It’s a routine trademark infringement suit over both parties’ use of the mark VANTAGE. Plaintiff Vantage, Inc. is the owner of a pending application for VANTAGE, which has been opposed by the defendant Vantage Travel Service, Inc., the opposition now stayed. Defendant filed a motion for summary judgment on a § 43(a) claim, a state law unfair trade practices claim, and for common law trademark infringement.

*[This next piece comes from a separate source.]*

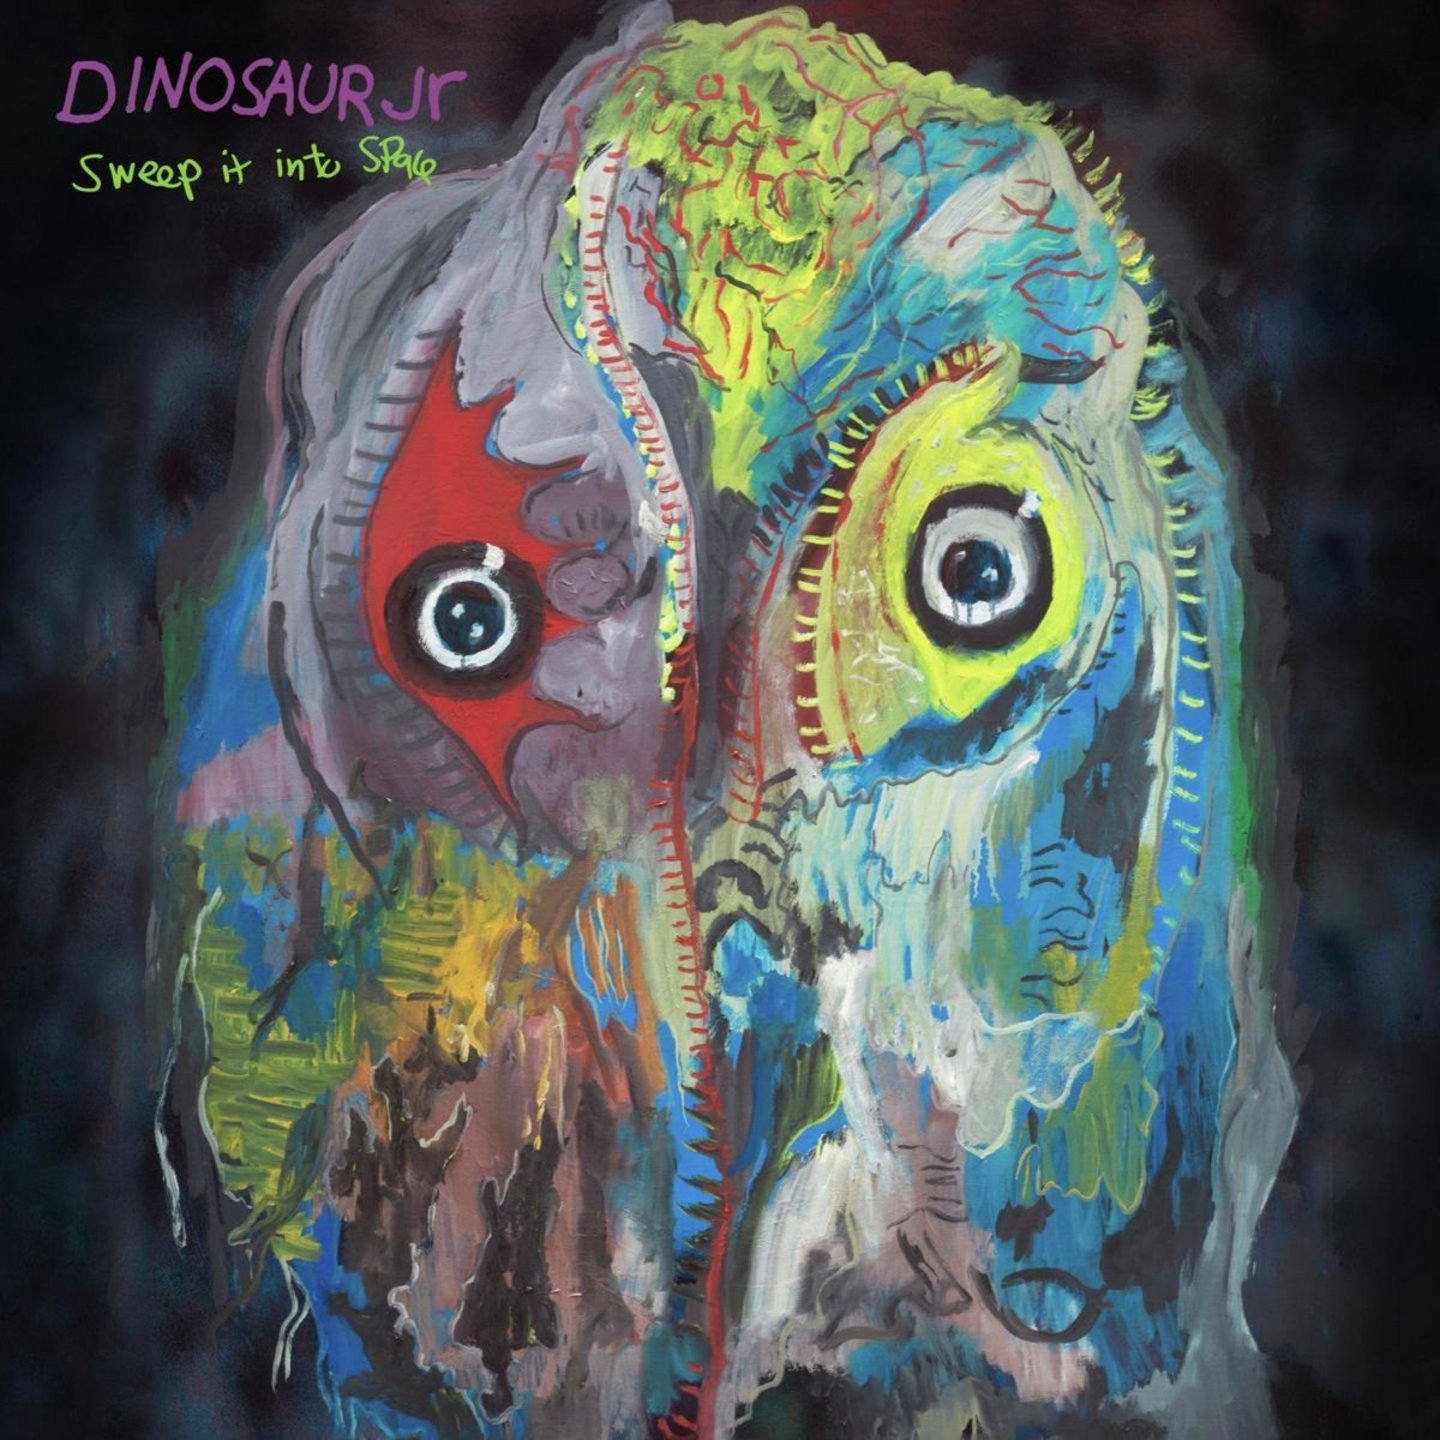 DINOSAUR JR - Sweep It Into Space LP Purple vinyl

The court decides that all the claims rest on likelihood of confusion and then finds that there is indeed a question of fact on confusion (surprise, surprise). At the end of the case is this somewhat surprising admission, though – the analysis in its entirety:
Common Law Trademark Infringement Claim
Although ownership is not required to assert a claim under 15 U.S .C. § 1125(a), ownership is required to “have standing to seek relief for common law trademark infringement.” [citations omitted.] Vantage concedes that it is not the owner of the VANTAGE Mark, but is a former licensee. Vicario [owner of Vantage Inc.], a nonparty, is the owner of the VANTAGE Mark. Based on the foregoing, Vantage Travel is entitled to summary judgment on Vantage’s common law trademark infringement claim.
Putting aside the puzzling statement that Vantage, Inc. is a former licensee of its apparently current business owner, this is the death knell for the application. Only an owner can file a trademark application.
Vantage, Inc. v. Vantage Travel Service, Inc., No. 6:08-2765-HMH (S.C. April 8, 2010).